AmResearch

Westports Holdings - Tariff hike not a done deal BUY

kiasutrader
Publish date: Mon, 10 Nov 2014, 09:54 AM

Westports held a conference call last Friday. The key takeaways are:-

1. The Transport Ministry’s decisions on whether to approve a container tariff hike proposal or if approved, the timing of the implementation, cannot yet be ascertained. The Port Klang Authority is happy with its proposals, but they are still in the hand of the ministry, which will deliberate on the matter. It remains status quo, with no certainty of an approval.

2. Westports expects growth from other routes to make up for the decline in container throughput emanating from the Asia-Africa route. The Ebola outbreak has resulted in the re-routing of cargo to and from Africa. For 3QFY14, container throughput from the Asia-Africa trade lane had declined by 0.4%, though still up by 22.6% for 9MFY14. Overall, it expects container throughput to grow by 9%-13% for FY14 and by 5%-10% for FY15. Our current assumption is an 8.3% growth rate.

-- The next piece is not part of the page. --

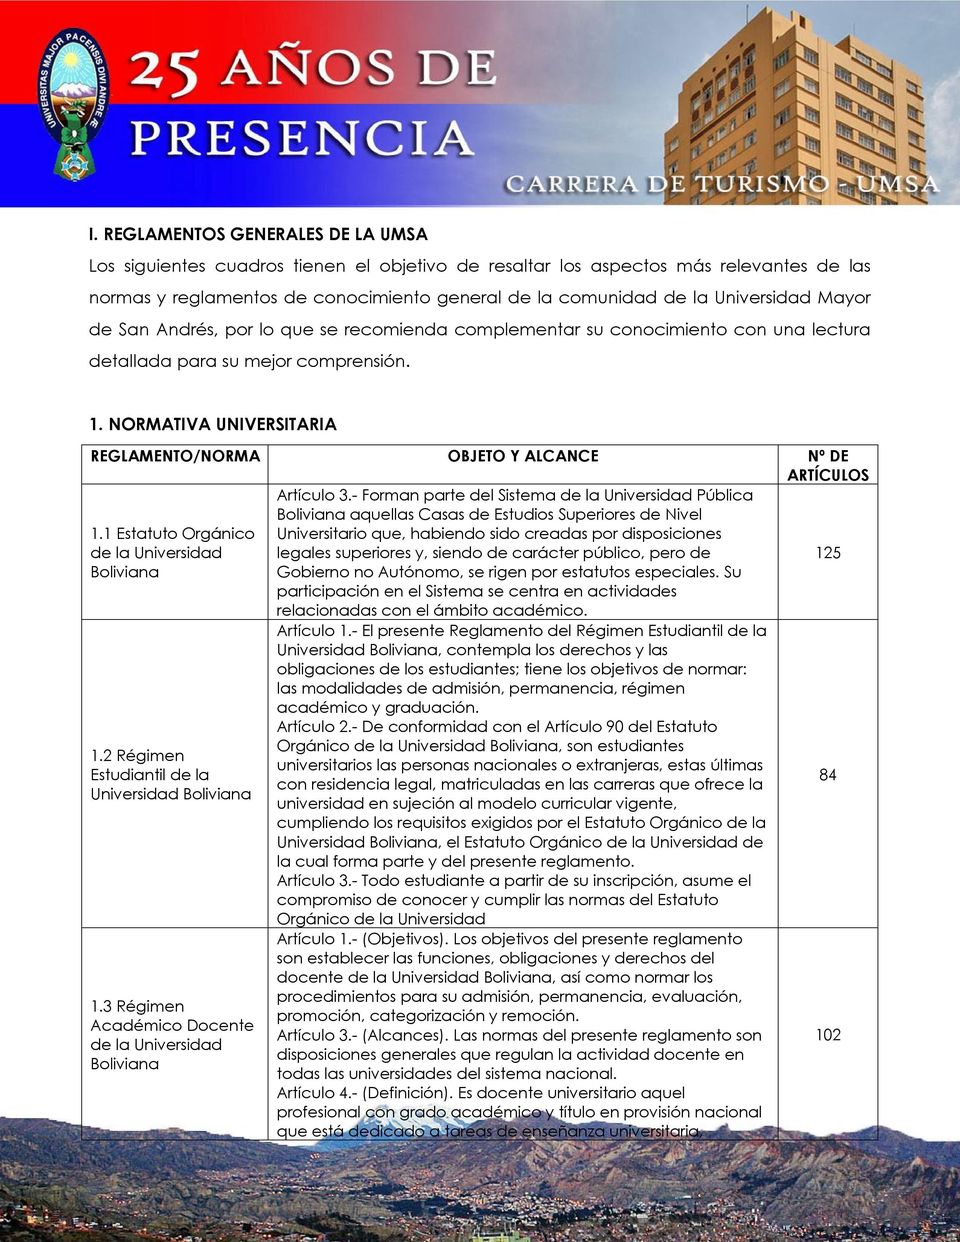 NORMATIVA UNIVERSITARIA REGLAMENTO/NORMA OBJETO Y ALCANCE Nº DE ARTÍCULOS 1.1 Estatuto Orgánico de la Universidad Boliviana Artículo 3.

3. Its expects the effective tax rate to be at 12%-14% for FY14, under the five-year Investment Tax Allowance (ITA) that expires at year-end. It has applied for another 5-year rotation, which could lead to a slightly less than 20% rate for FY15F.It has a 12-month window to push for the incentive. If not obtained, the tax rate will revert to the corporate tax rate of 24%. We have assumed the rates at 16% for FY14, 18% for the next five years and at 24% beyond that. Assuming the rate at 24% from FY15F onwards, our fair value will drop by ~2% to RM3.33/share.

4. It reiterates its belief that the port will benefit from the Ocean Three (O3) Alliance, which will strengthen Westports as their shipping hub. Management says the alliance, which starts in January 2015, is expected to be aggressive with most efficient slot cost in the region. A 19,000 TEU vessel is expected to call at Westports in early December for more of a “promotional tour”.

5. The additional capacity of 3.8mil TEUs from CT8, which will be completed by mid-2017, comprises 1.26mil TEUs from additional cranes and 1.6mil TEUs from the new berths. The rollout of CT8 takes into account the formation of the O3 alliance.

We maintain our BUY call, with a DCF fair value of RM3.40/share. We believe the risks are skewed towards the upside given the potential container tariff hike.